[Mono-list] Encoding problems
Francisco Figueiredo Jr.
fxjrlists@yahoo.com.br
Tue, 11 Jan 2005 15:50:53 -0200
Jonathan Pryor wrote:
> On Mon, 2005-01-10 at 22:31 -0200, Francisco Figueiredo Jr. wrote:
>
>>I received a report about problems with encoding on mono.
>
>
> It probably isn't Mono, but I'm willing to be proven wrong. :-)
>
:)
>>From the outset, I'm guessing that this is a codepage/charset issue. US
> English and Spanish use different codepages, and characters within one
> codepage may map to a different character in another codepage. In
> particular, only ASCII is consistent between them; everything above
> codepoint 127 will differ, and this is where "funky" characters like n-
> tilde and a-acute are placed.
>
> The only way to preserve sanity is to ensure that (1) you only use
> characters that are in both codepages (read: stick with ASCII), or
> (2) use a codepage that represents the union of all required codepages.

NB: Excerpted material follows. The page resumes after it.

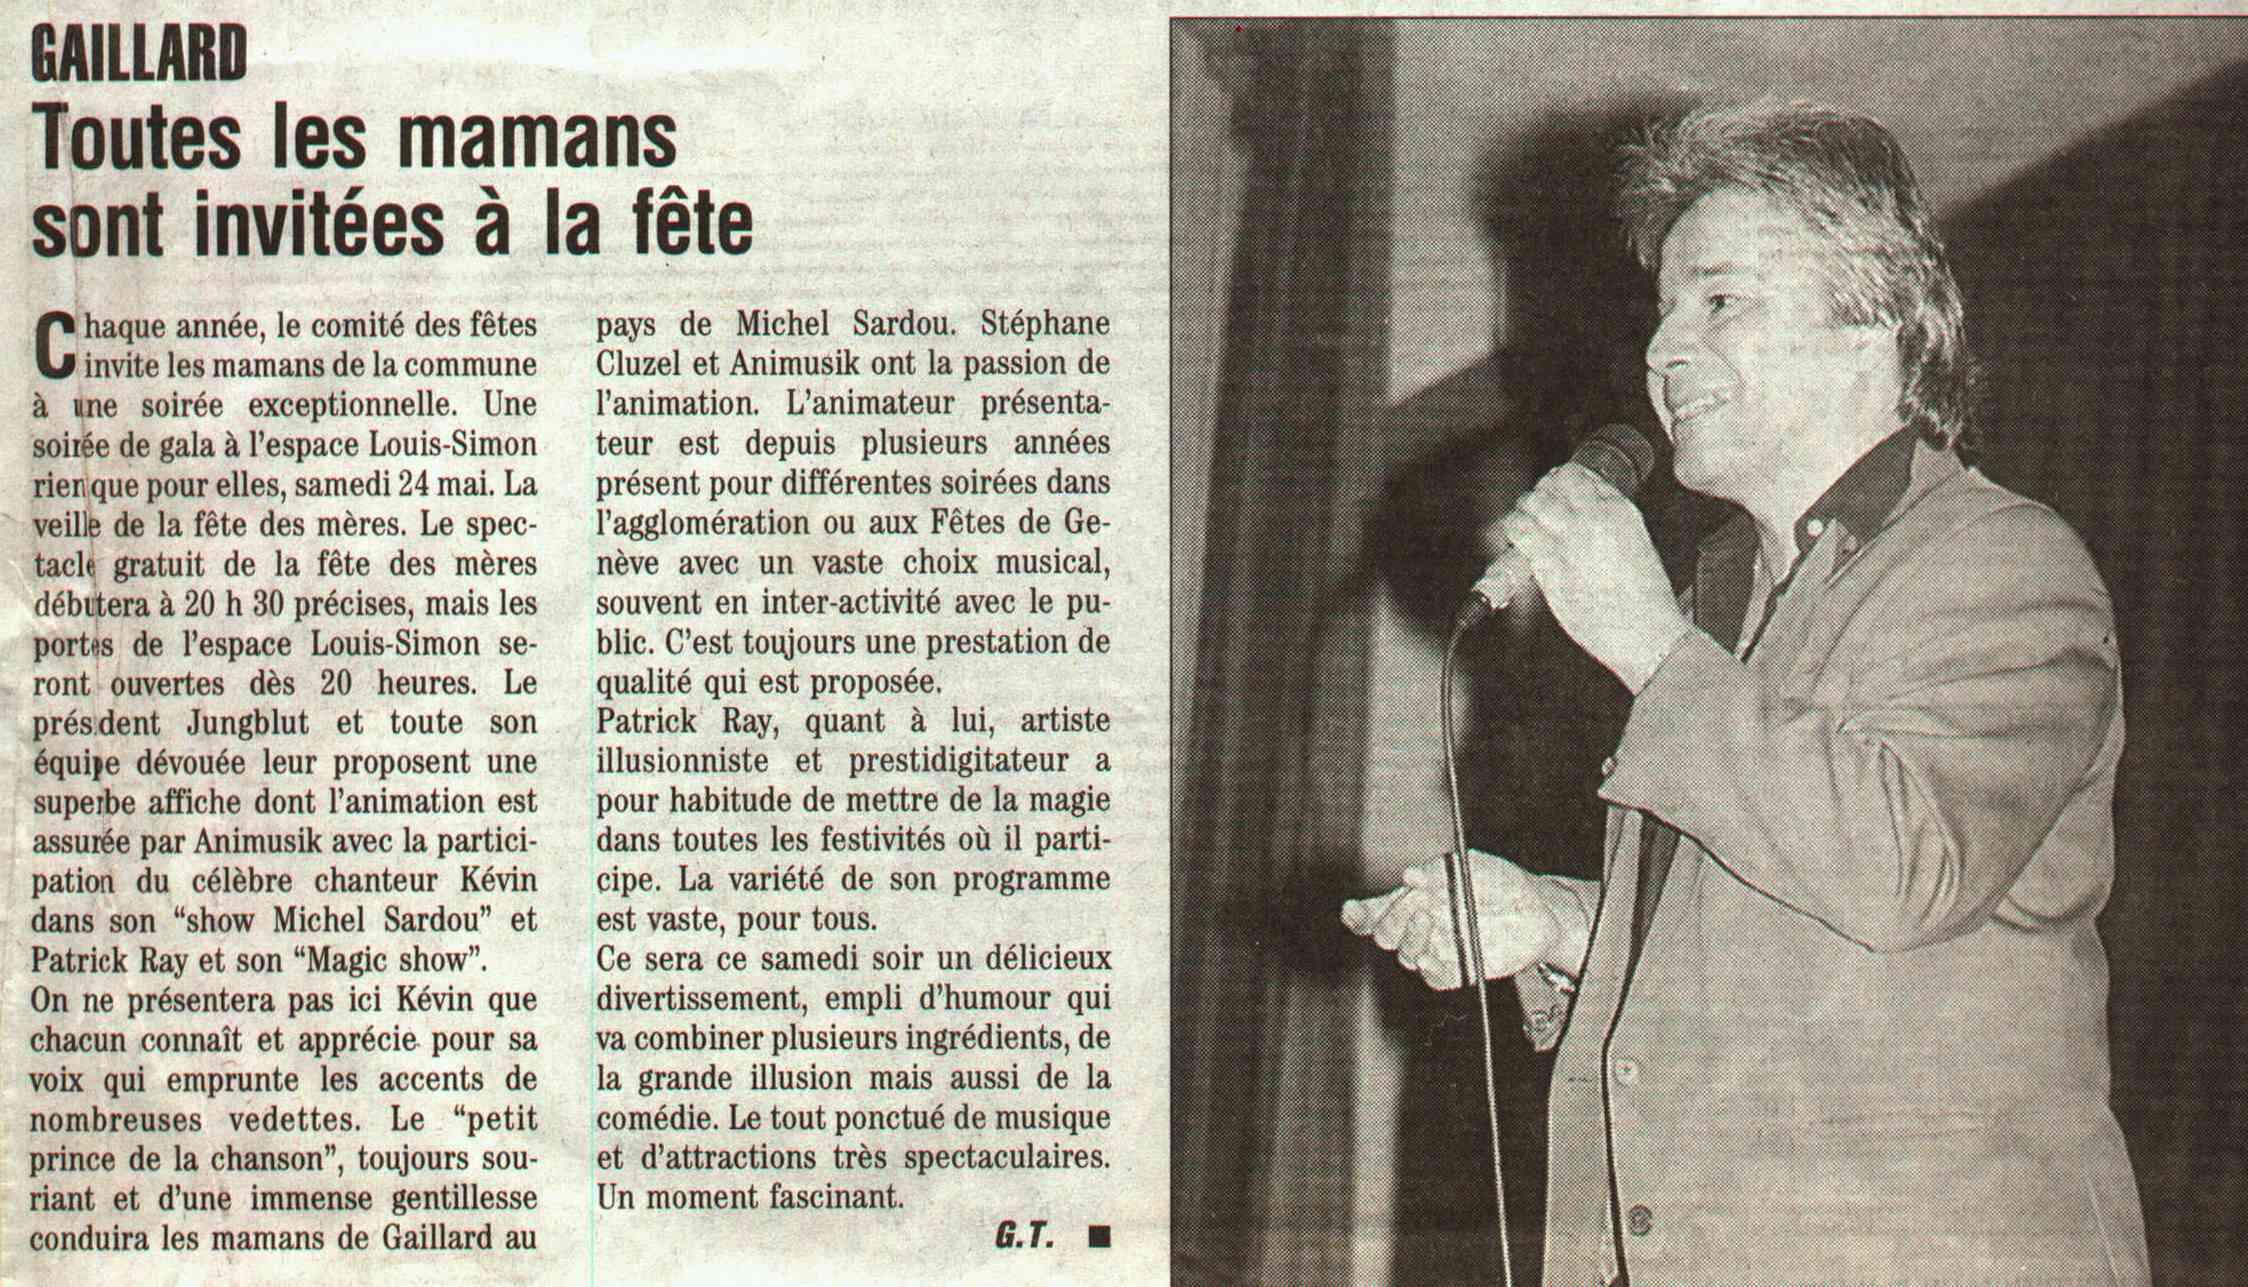 Article_Dauphiné_Libéré_Fêtes_des_Mères_Gaillard_2003_1.jpg
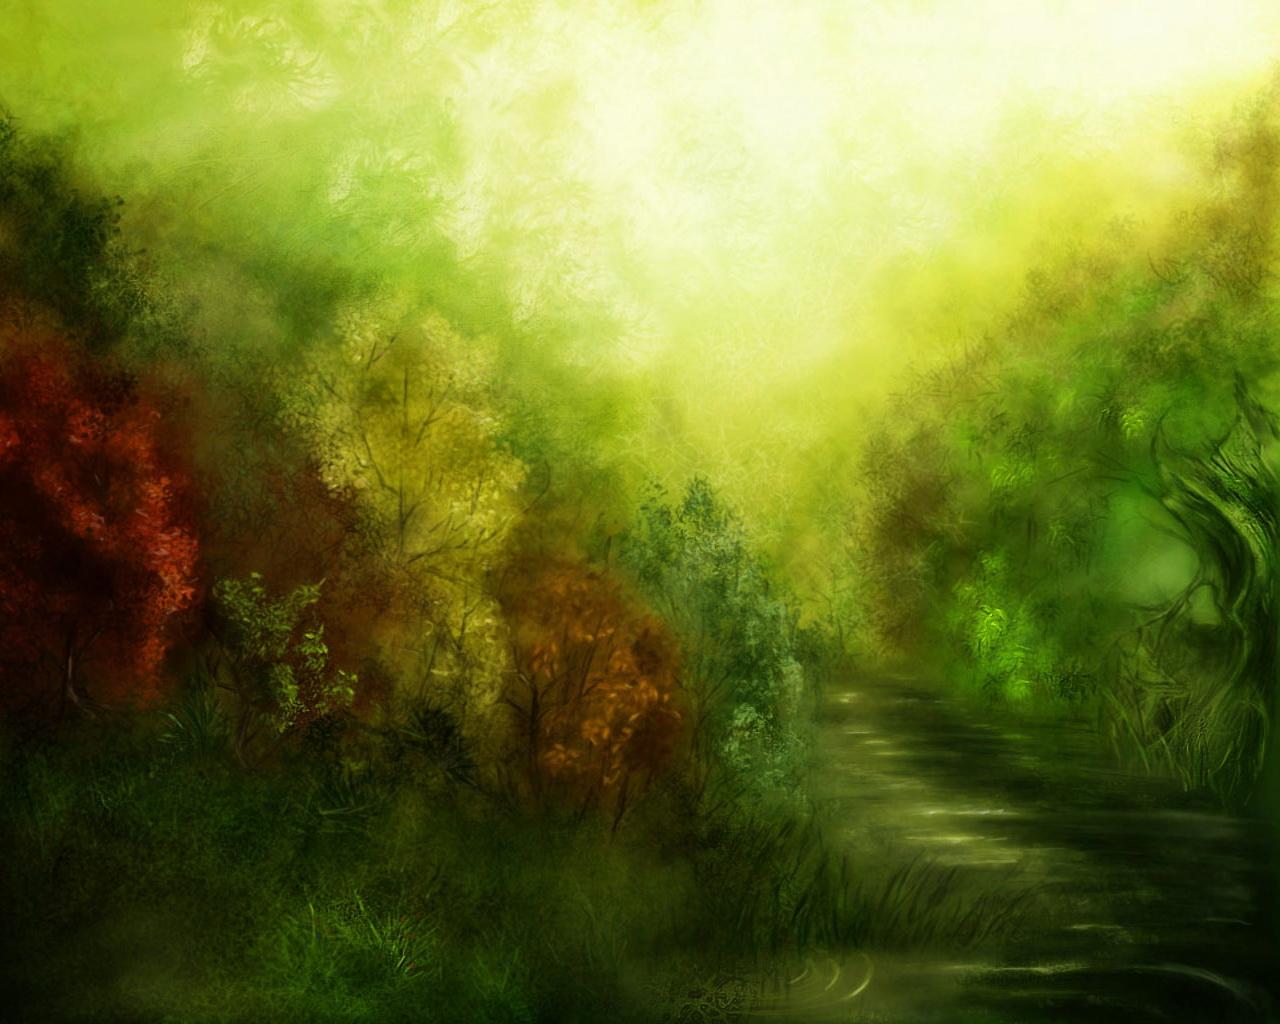 деревья, листва, лес, скачать фото, обои для рабочего стола

> That's Unicode, typically UTF-8.
>
Ok.
>
>>The following text isn't being returned correctly from database:
>>
>>Magriñá
>>
>>The chars n-tilde and a-acute is appearing as strange chars.
>>
>>On mono 1.0.4 on linux if you change LANG to en_US the text reads
>>correctly, with es_ES not.
>
>
> Is it LANG=en_US or LANG=en_US.UTF-8? The text after the '.' specifies
> the codepage to use. If the codepage isn't explicitly specified, then
> the default is used (latin1 for english, latin2 for spanish, IIRC).
> This is likely where you're experiencing problems.
>
Hmmmm, I admit that I forget to set the code page. I just tested with
en_US. I will try with en_US.UTF-8 and es_ES.UTF-8.
>
>>I tested here with svn version and with both en_US and es_ES it works.
>>Only if I export LANG= it returns wrong chars. What is the default
>>encoding when I don't set LANG?
>
>
> You say that you tested "here", which potentially implies that it's a
> different machine than the one experiencing the problem. Is this
> correct?
Yeap. It is different. Also the user reported that nothing works on windows.
>
> Regardless, the default LANG value varies between distros; in FC2 it's
> set in /etc/sysconfig/i18n (read by /etc/profile.d/lang.sh, read
> by /etc/profile, read by bash). I'm sure where it's set will also vary.
>
I'm using Gentoo. I will try to find where it is set.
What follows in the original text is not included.